Required work –
As the answer, set down the lines below from the one containing "Sweet and Sour" through the one containing "Girl's shoes - Stan Smith x Adidas - 2", exactly and inclusively, and no others.

Data for this exercise –
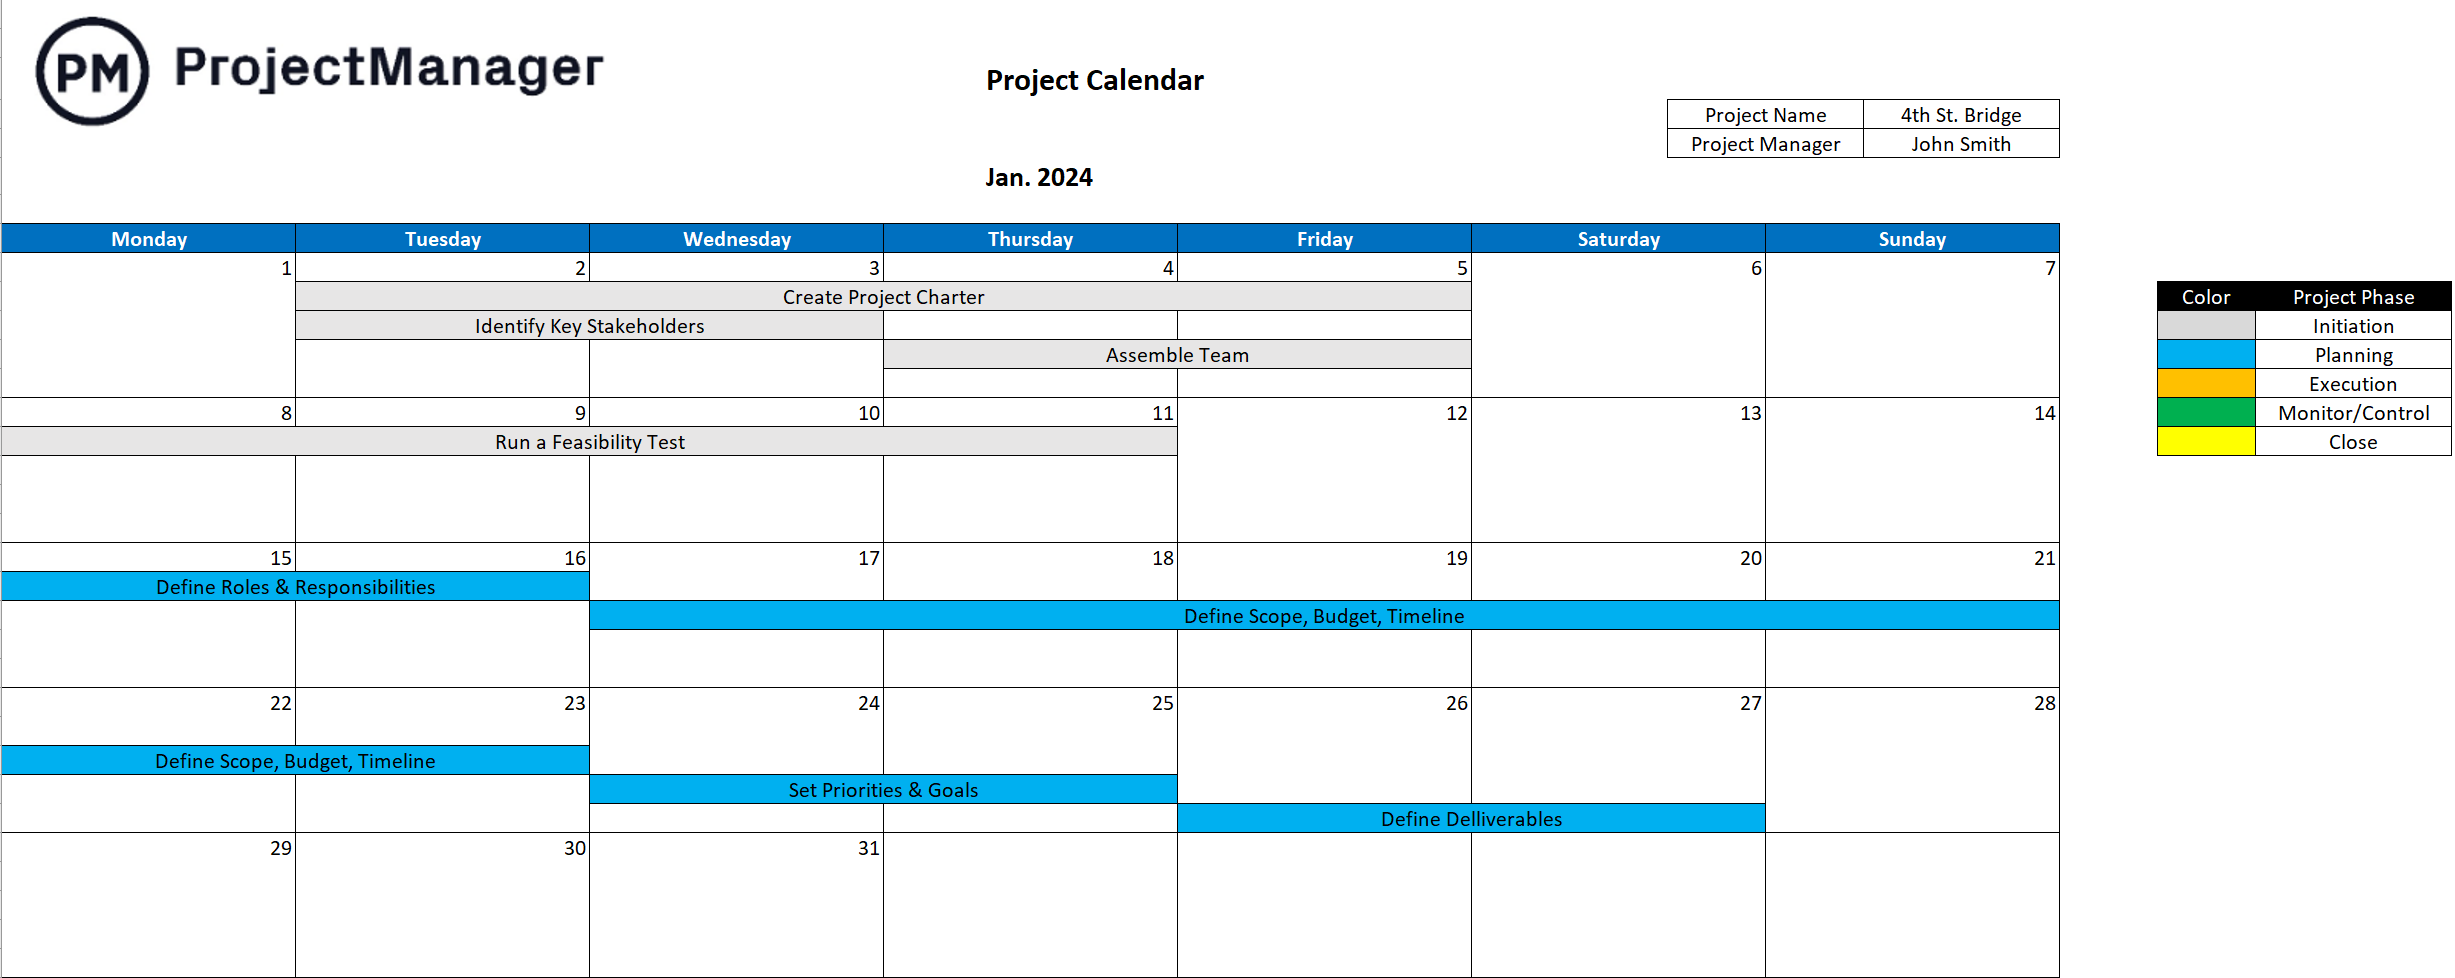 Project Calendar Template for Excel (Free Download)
...
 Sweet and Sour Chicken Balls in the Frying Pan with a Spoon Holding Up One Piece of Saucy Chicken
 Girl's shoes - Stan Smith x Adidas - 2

Exercise answer –
 Sweet and Sour Chicken Balls in the Frying Pan with a Spoon Holding Up One Piece of Saucy Chicken
 Girl's shoes - Stan Smith x Adidas - 2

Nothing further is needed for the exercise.